Problem> For the lines from the one with "Fernando Alonso at" to the end of the listing below, both ends included, give an exact copy and nothing more. Do not copy pictures.

Data extract>
* * * * * * * * *
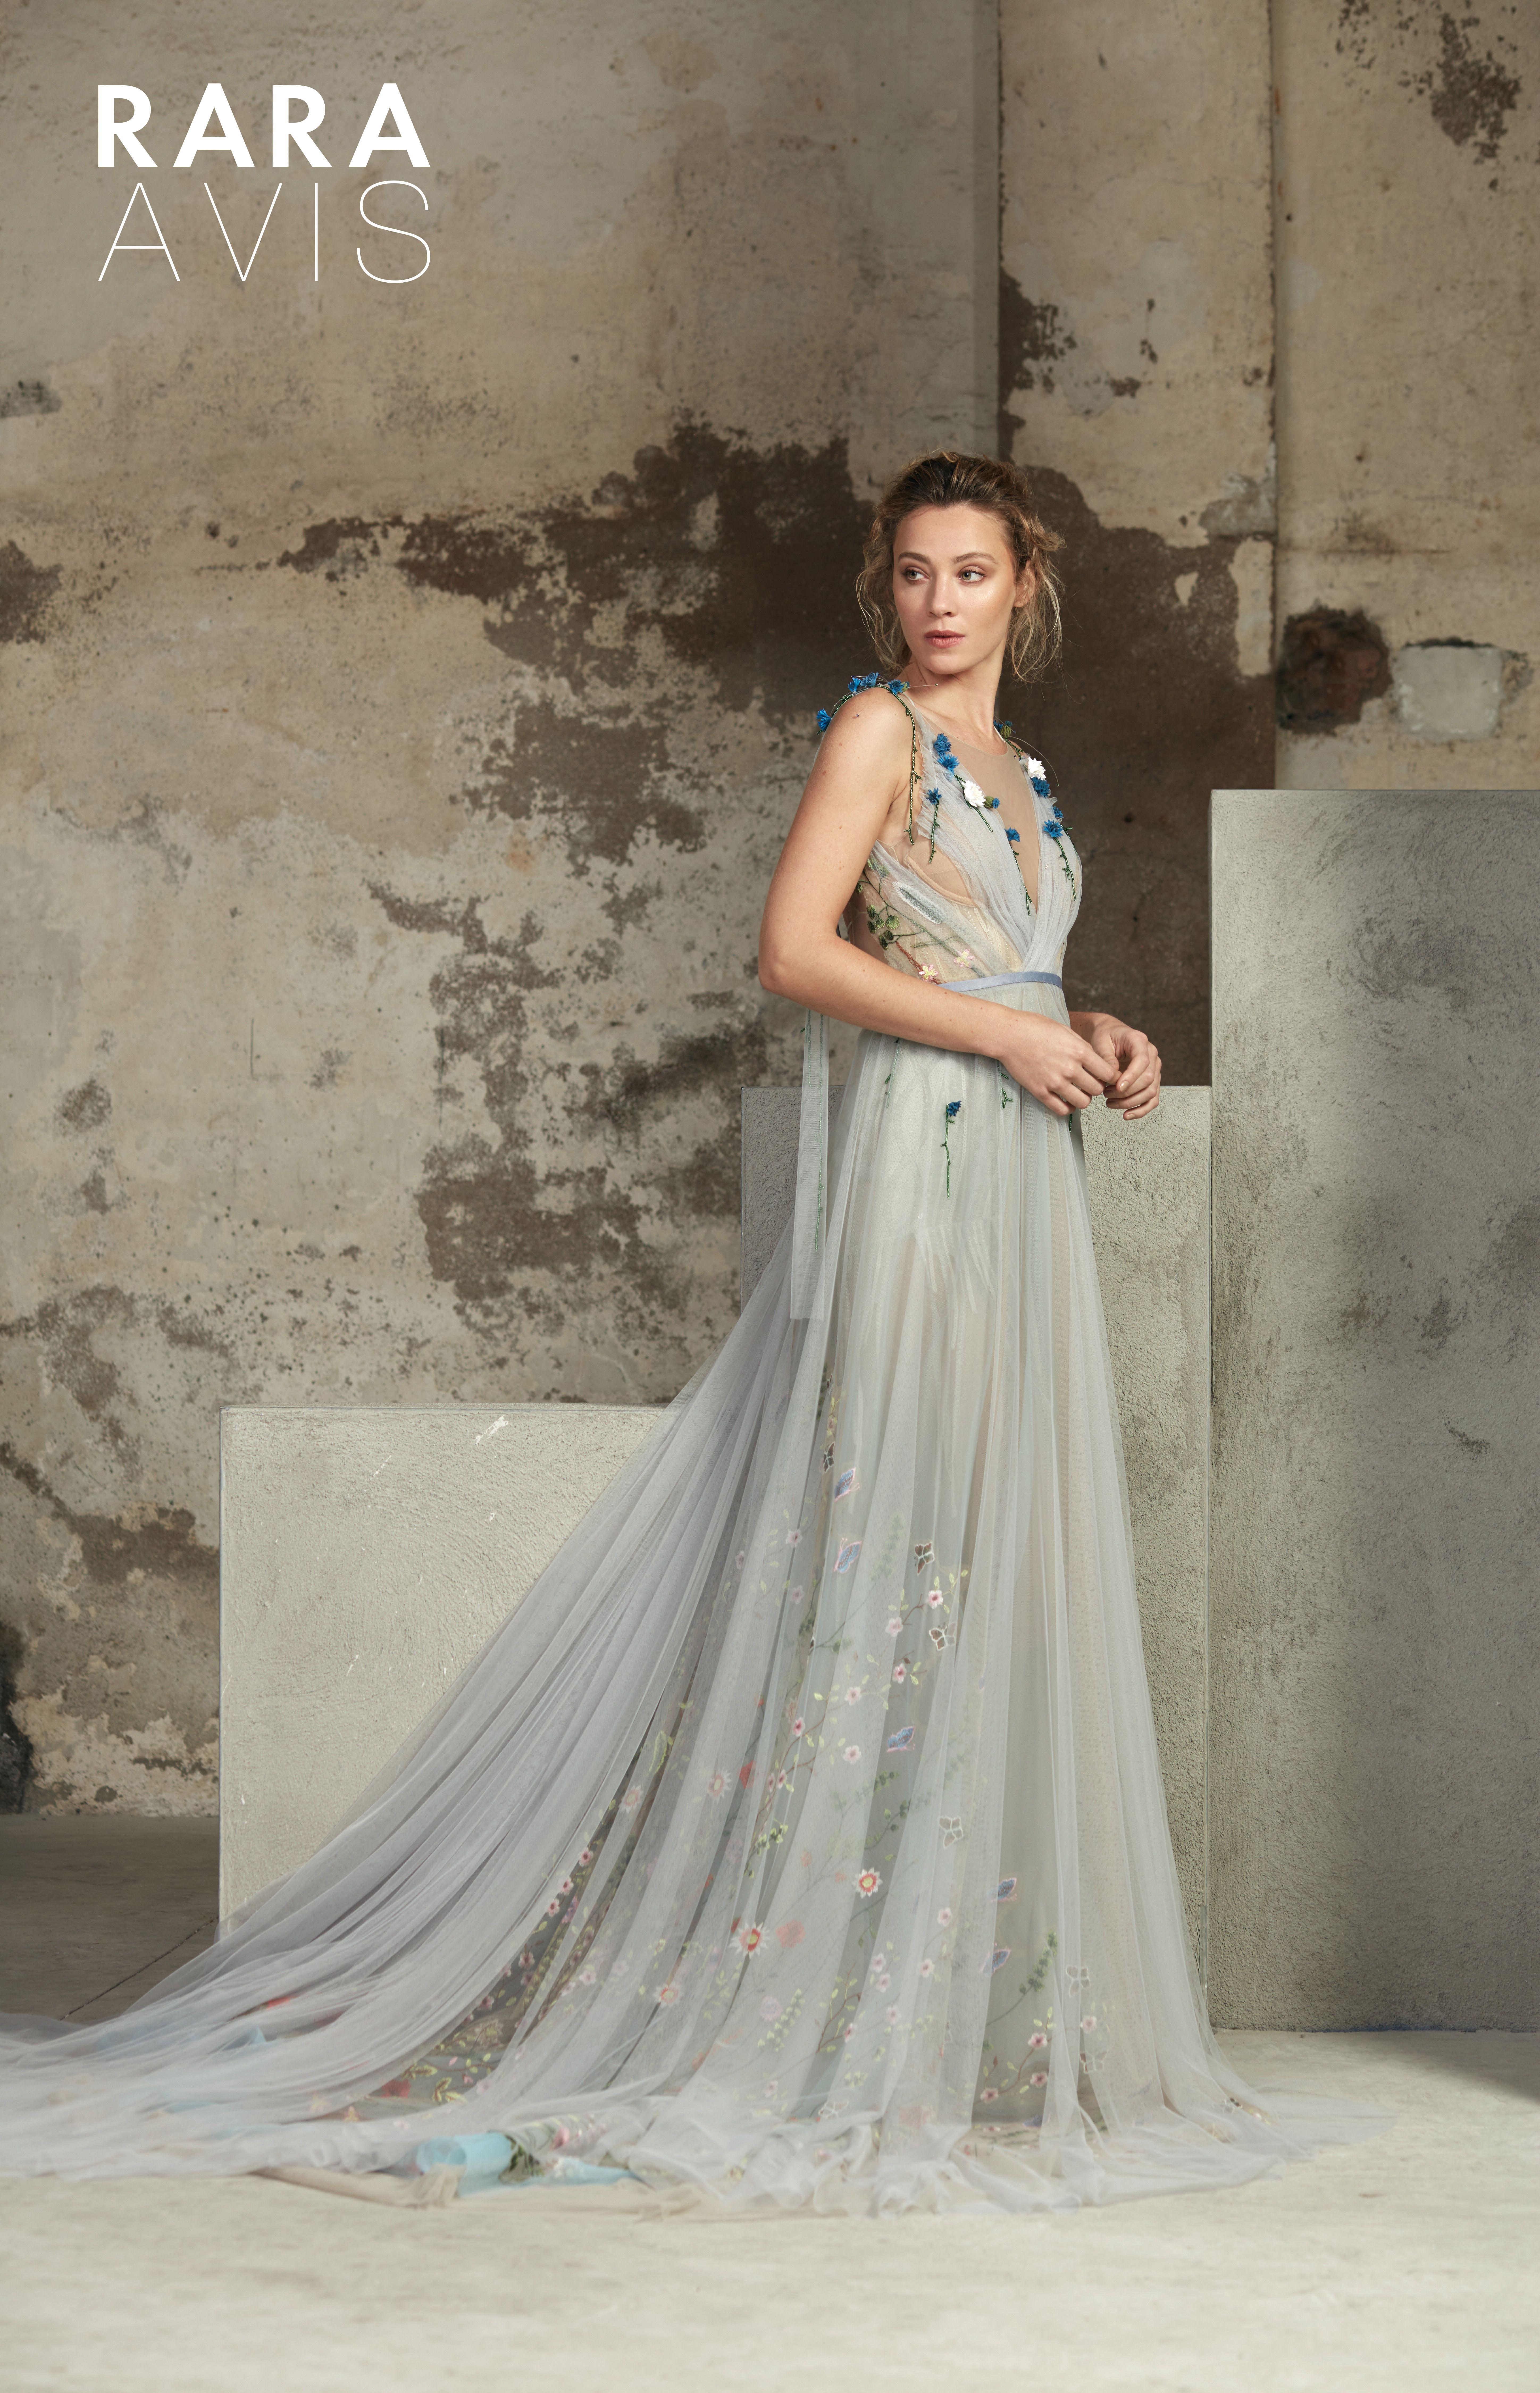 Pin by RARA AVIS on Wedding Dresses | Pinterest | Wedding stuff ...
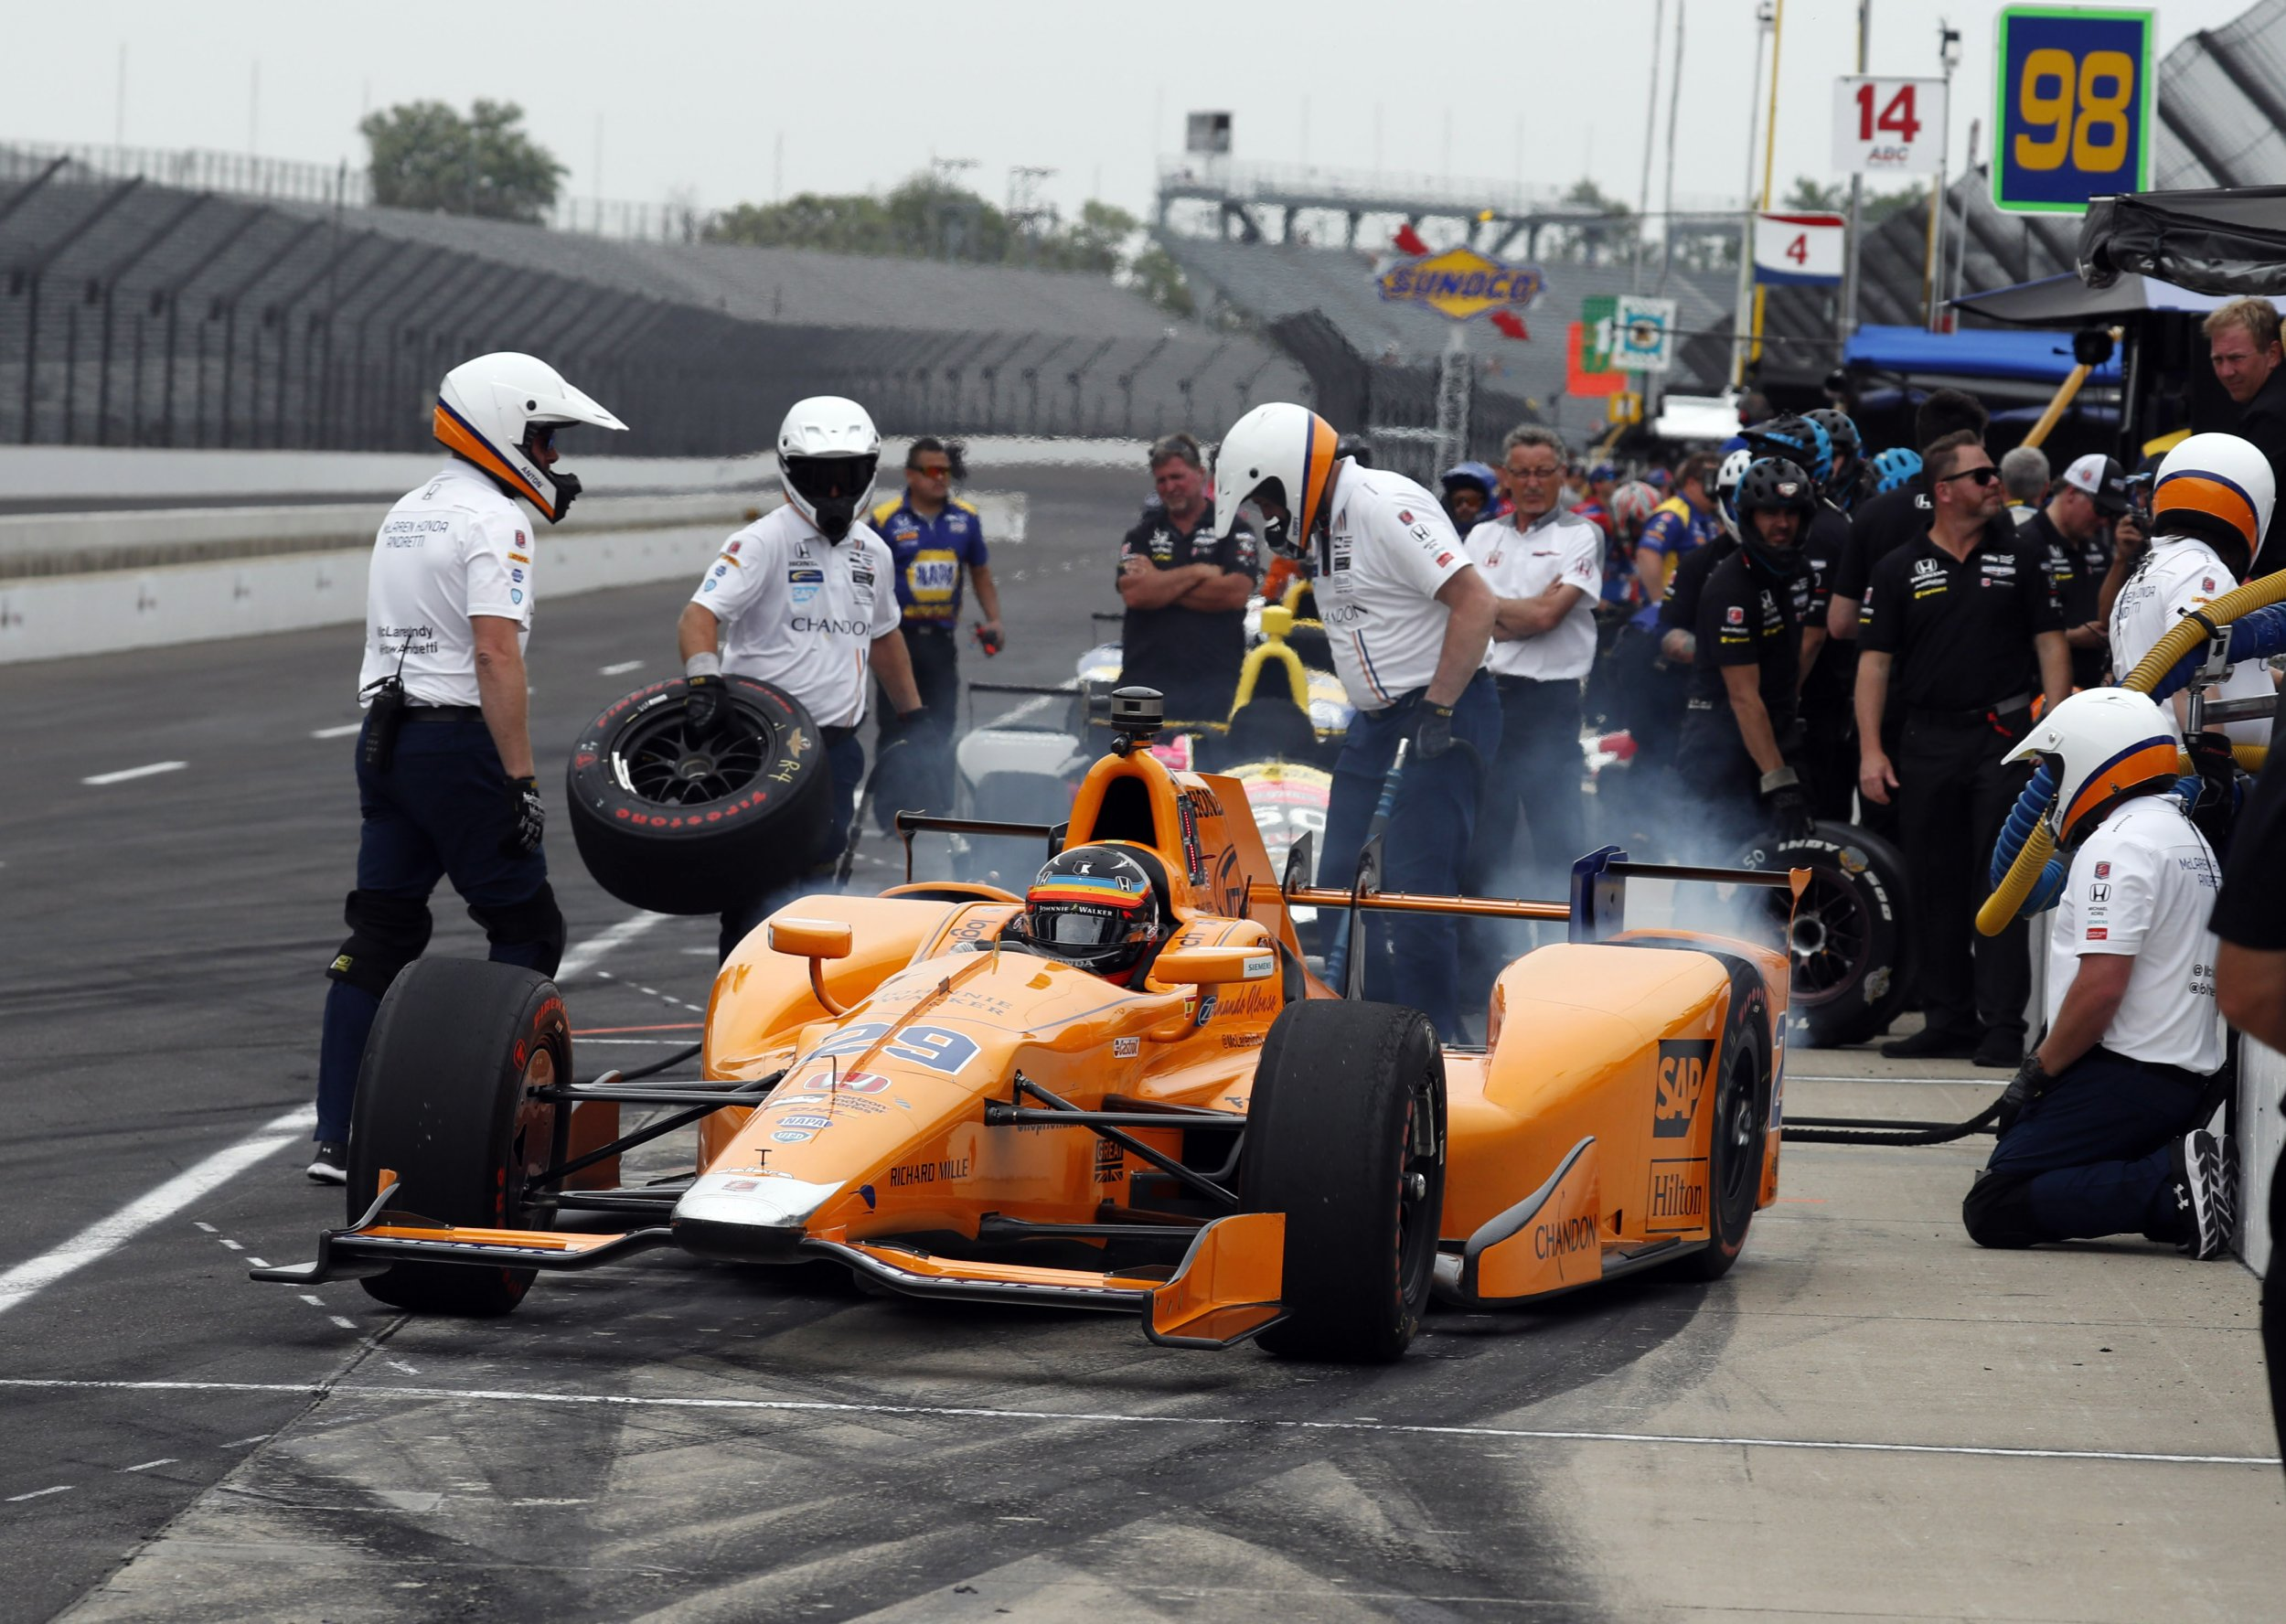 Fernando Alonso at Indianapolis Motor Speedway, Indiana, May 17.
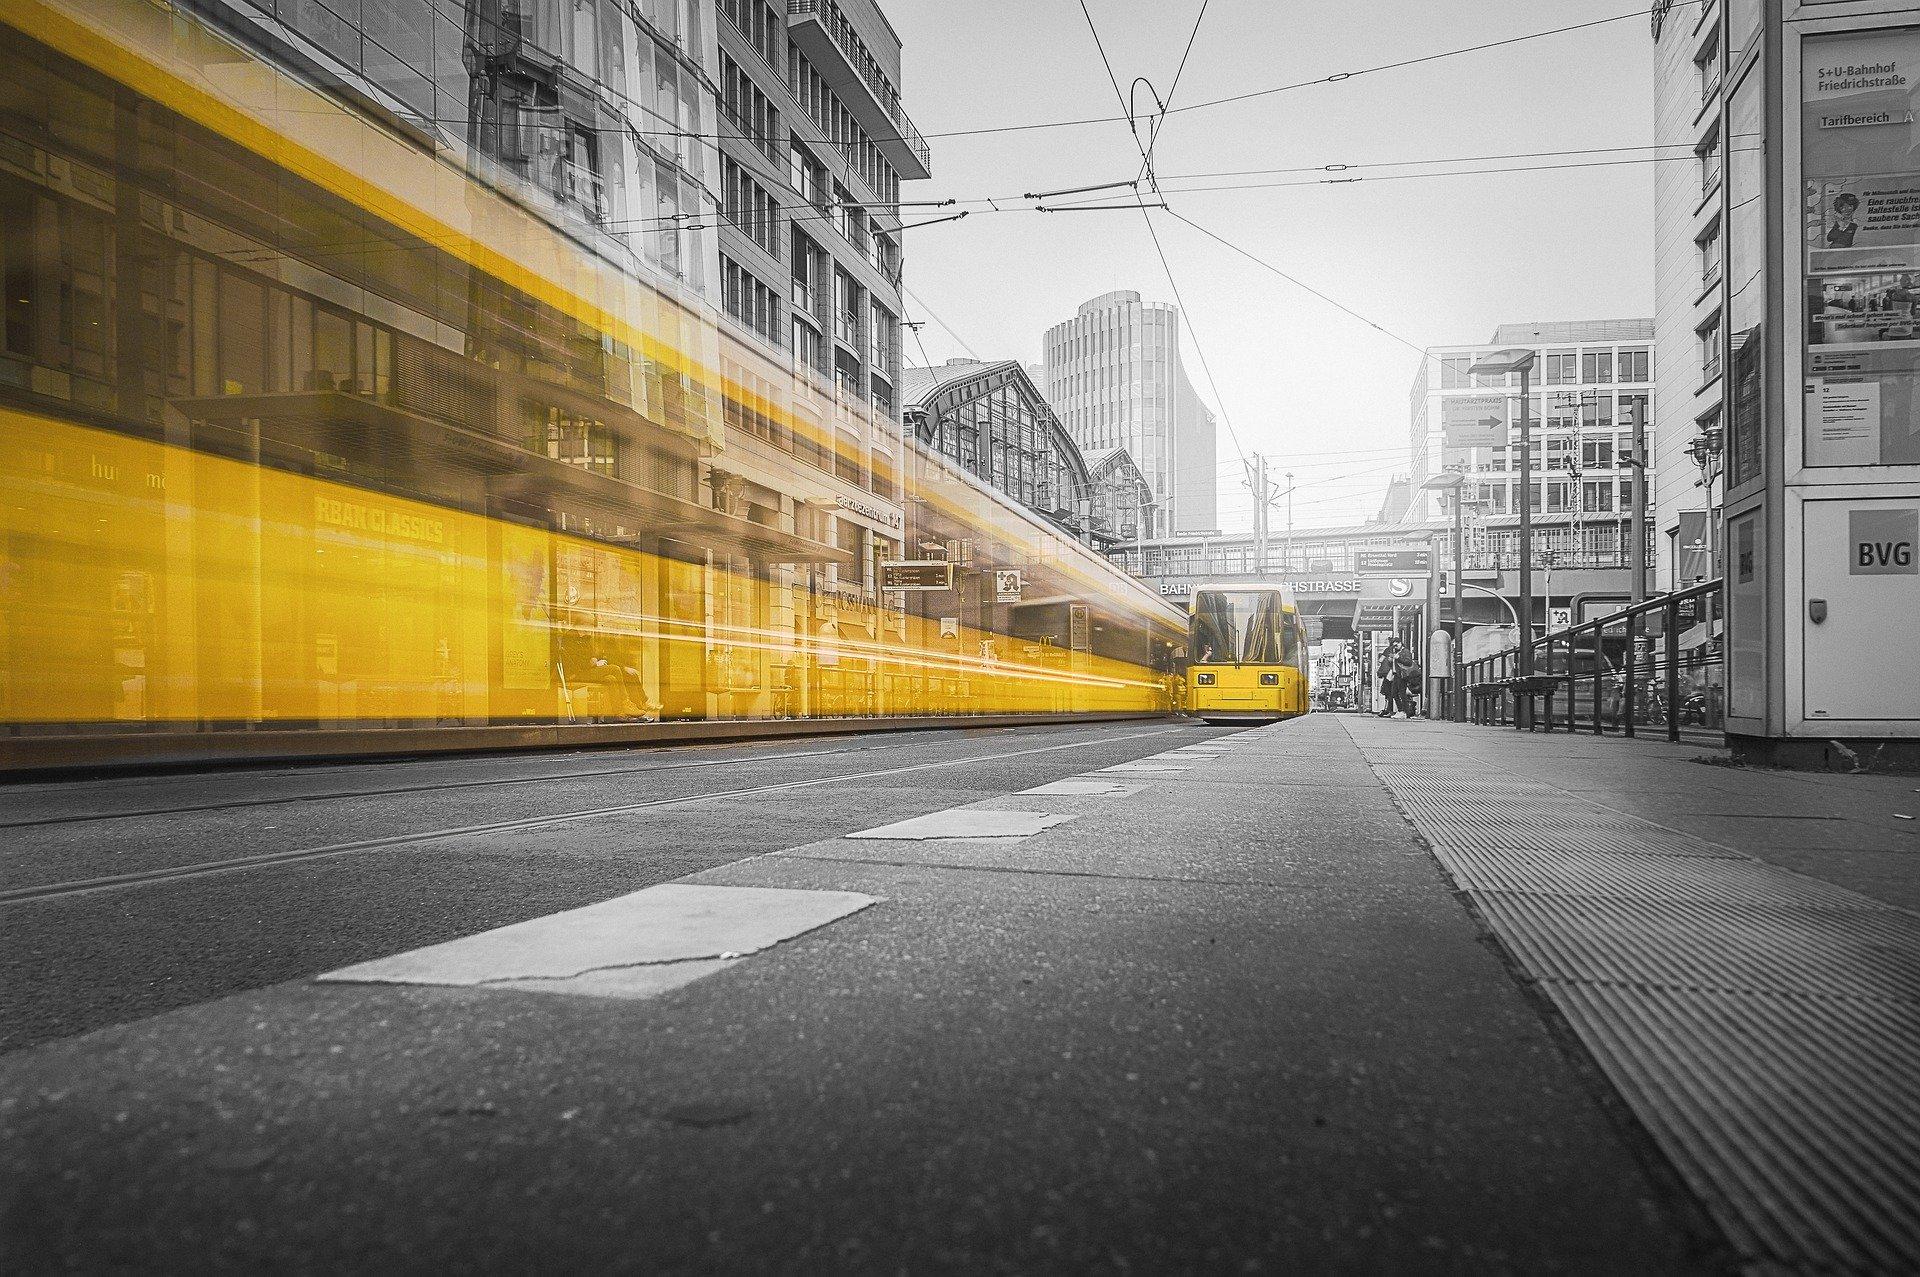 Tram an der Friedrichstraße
* * * * * * * * *
Exercise result>
 Fernando Alonso at Indianapolis Motor Speedway, Indiana, May 17.
 Tram an der Friedrichstraße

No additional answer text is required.